Request for pretrained german model

CobraCalle commented 4 years ago

Hello,

at first: thank you very much for your effort to provide this highly automated train script.

Sadly Im a real Windows guy and my Linux skills are very "limited". Ive installed Debian on Windows and tried to get this up and running, but it looks like singularity will not work an Windows on Linux :-( And setting up a bare metal Linux system with GPU access looks like a little overkill to me :-)

Would it be possible to provide a pre trained model for German language?

Thank you very much

Carl

NormanTUD commented 4 years ago

Hi Carl, thanks for your interest in this. Right now, I am affected by this virus -> https://www.datacenterdynamics.com/en/news/european-supercomputers-hacked-mine-cryptocurrency/ , so I cannot access the latest data. But I've uploaded the best model I had available before this time here:

https://github.com/NormanTUD/TrainDeepSpeechGerman/tree/master/model

Sadly, I cannot give you the checkpoints for further training, because, as of now, I still cannot access the super computer again.
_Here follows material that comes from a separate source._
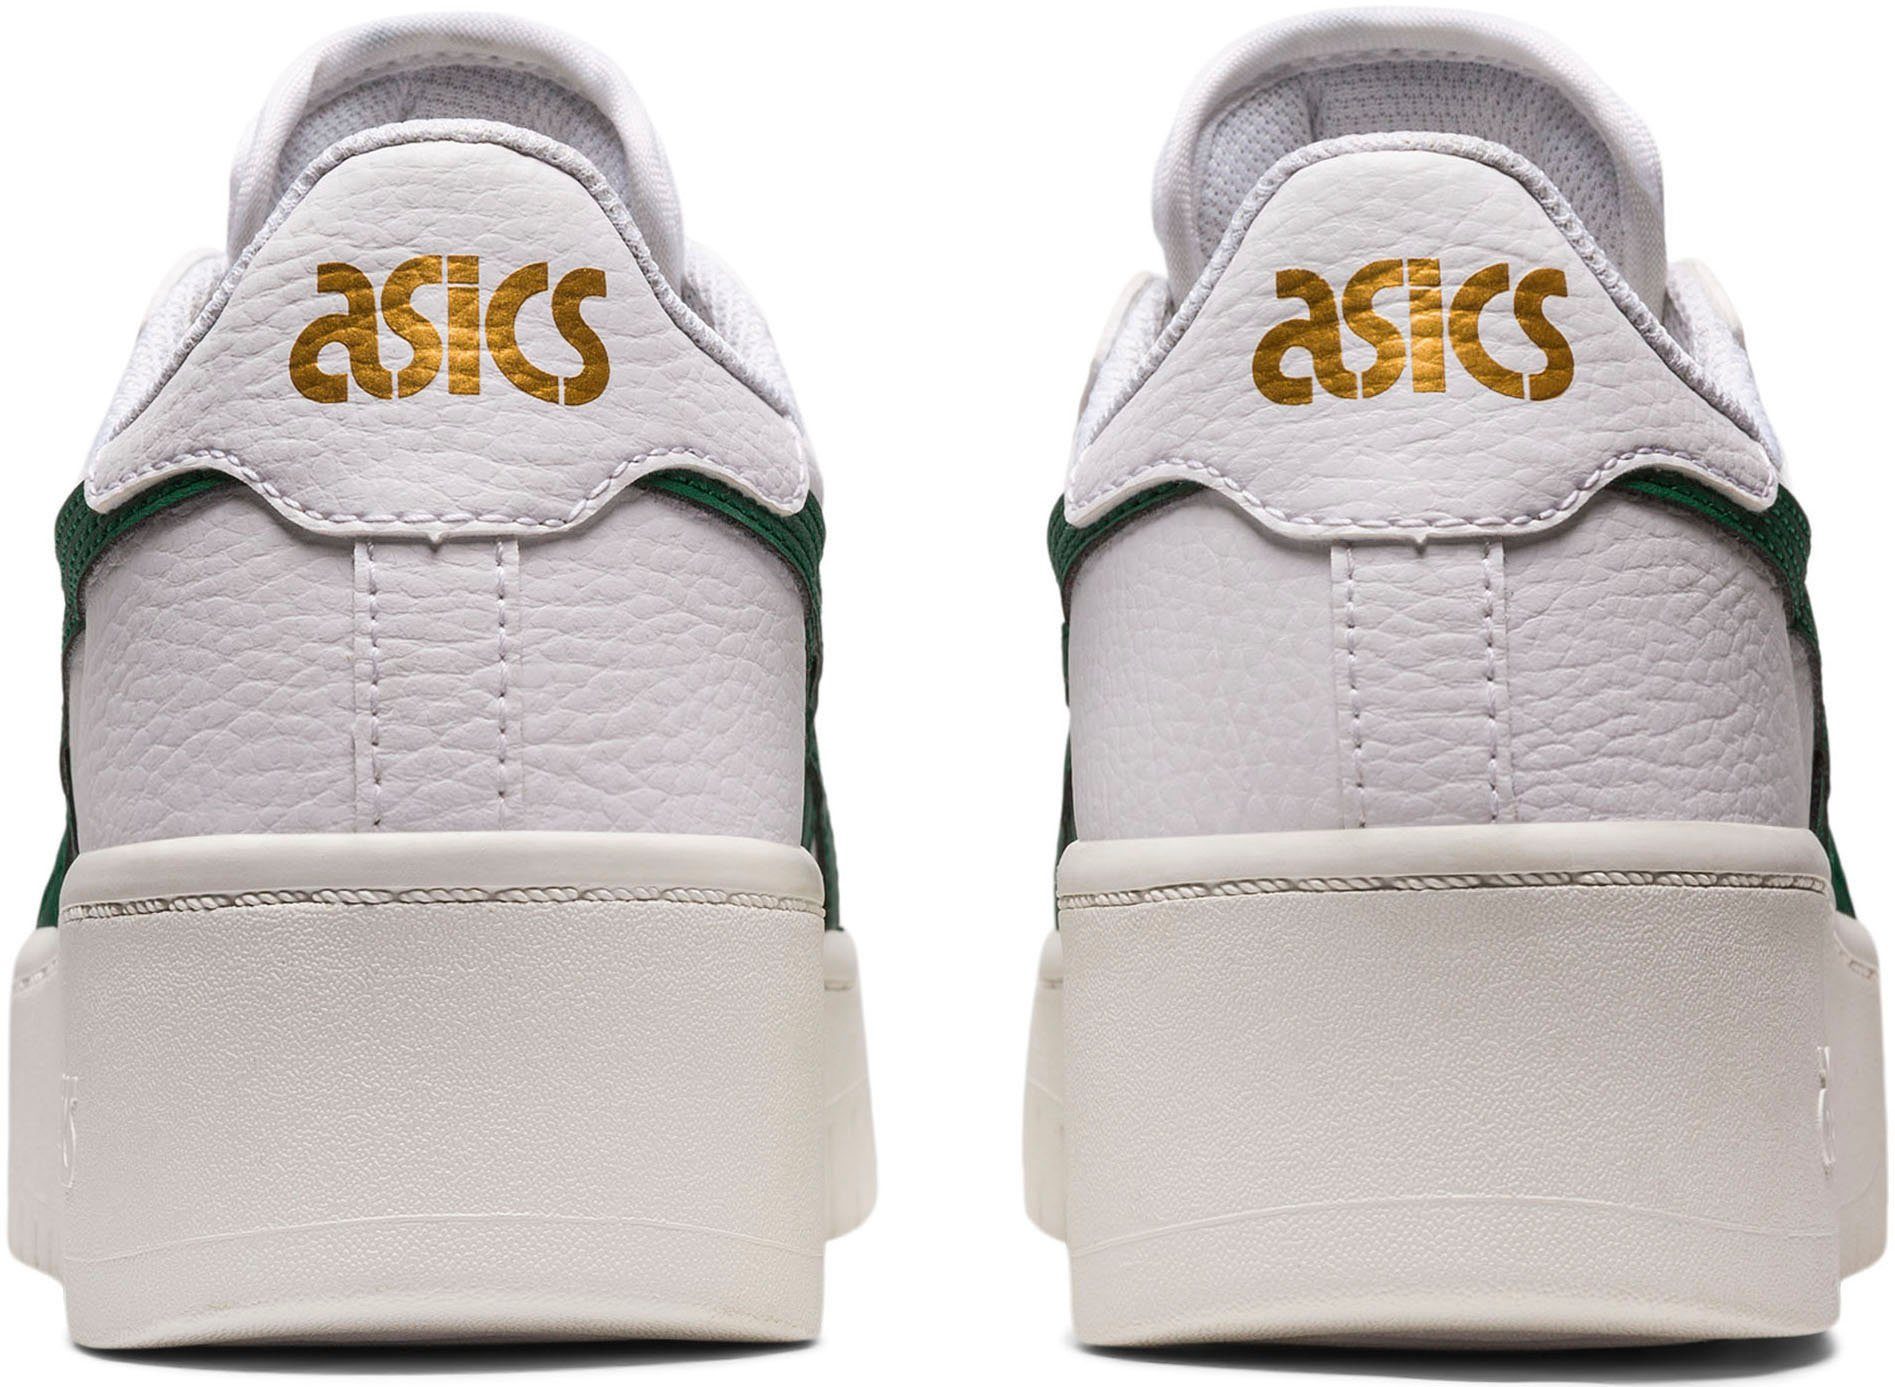 ASICS S Sneaker SportStyle PF weiß-grün JAPAN

When my university opens ssh connections again and I can access the supercomputer again, I will hopefully be able to upload better models and also the checkpoints.

You can use it with

./deepspeech --model 51.565295.output_graph.pb --audio audiofile.wav

(Remember to use DeepSpeech 0.7.x, as earlier versions are incompatible with this)

Have a nice day,

Norman

CobraCalle commented 4 years ago

WOW... thank you very much for the fast response. Io this compatible with DeepSpeech 0.7 or wich version do I have to use?

NormanTUD commented 4 years ago

You're very welcome and I hope this will help you. I'm using DS 0.7.0-alpha.3, but any 0.7.x version should be compatible with this (see https://github.com/mozilla/DeepSpeech/releases where it says "This is a bugfix release and retains compatibility with the 0.7.0 models" about 0.7.1). If you encounter any problems, feel free to ask me again. (I don't know much about Windows though, as I'm more of a "linux guy"). Have a nice day!

CobraCalle commented 4 years ago

I made a small test... and it "worked" but the result is not very good....

http://www.diomex.de/downloads/02ac6085-4a6d-4b4b-ba94-a56794ebd3af - Command.wav

For example when I process the attached file, the result is "tunehergar eintailen" (instead of "Verstärker einschalten"). Is that normal, or do I have to tune some kind of paramters or something like that (sorry, Im totally new to DeepSpeech. At the moment my solution uses Microsoft Azure Speech and Im looking for a way to do the Speech-To-Text-part offline)

CobraCalle commented 4 years ago

Are you shure, the model is for german language? If I use an audio with just the word "Computer", the result is "omputer"... ok... the missing first letter could be related to audio quality... but it looks to me as the model is for another language....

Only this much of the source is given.